Lei mi appare una belva che vuole
incollare le nostre lingue ai sessi.
Colpisce invece con la fronte la mia bocca
che si spacca come uno spigolo di porcellana
battuto da un lembo di un maglio ostinato.
Il sangue si distende come sigillo terso
e lei ride con quel viso di cuoio cucito da poco
e quegli occhi che sono acque agitate dal cielo.
Ora le mie labbra tumide fioriscono
e gocciano come il suo sesso muschiato
e siamo entrambi in bilico su noi stessi
quando prendo la mia bottiglia loquace
e verso il liquore giallo che brucia
sulla mia carne stracciata dal suo gesto.

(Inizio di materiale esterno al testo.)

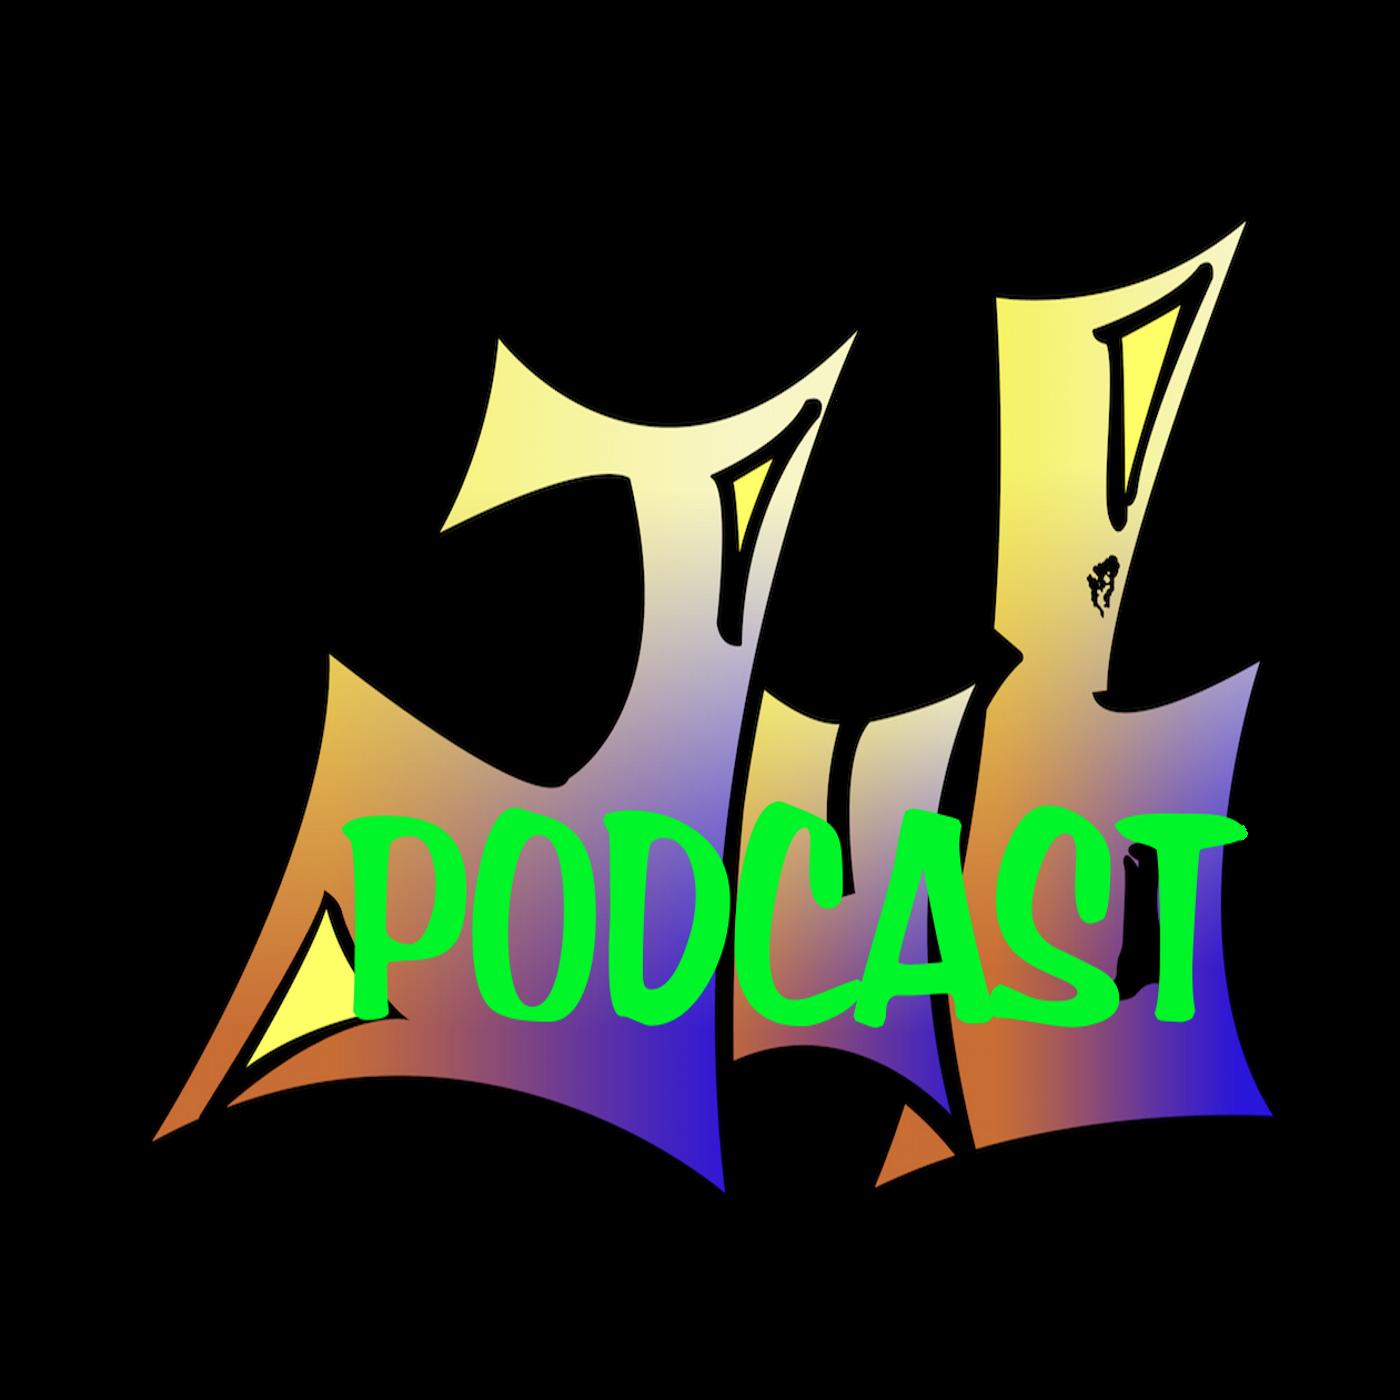 Jub Cast – Folge 2

Lei si stringe al cuscino ed il suo corpo
è una conca latte perlato da bachi rosa.
Bevo come un agnello da svezzare
succhia, prima del sacrificio sulla pietra,
il latte impuro da una mammella ovina,
ignaro della lama che taglierà la sua gola.
Nessuno è innocente. Nessuno è colpevole.
Fammi dimenticare, finché con te speculare
sono ancora vivo, dico opaco a me stesso
mentre uso il lenzuolo per nettare le macchie
di un'altra notte stanca del suo stupore."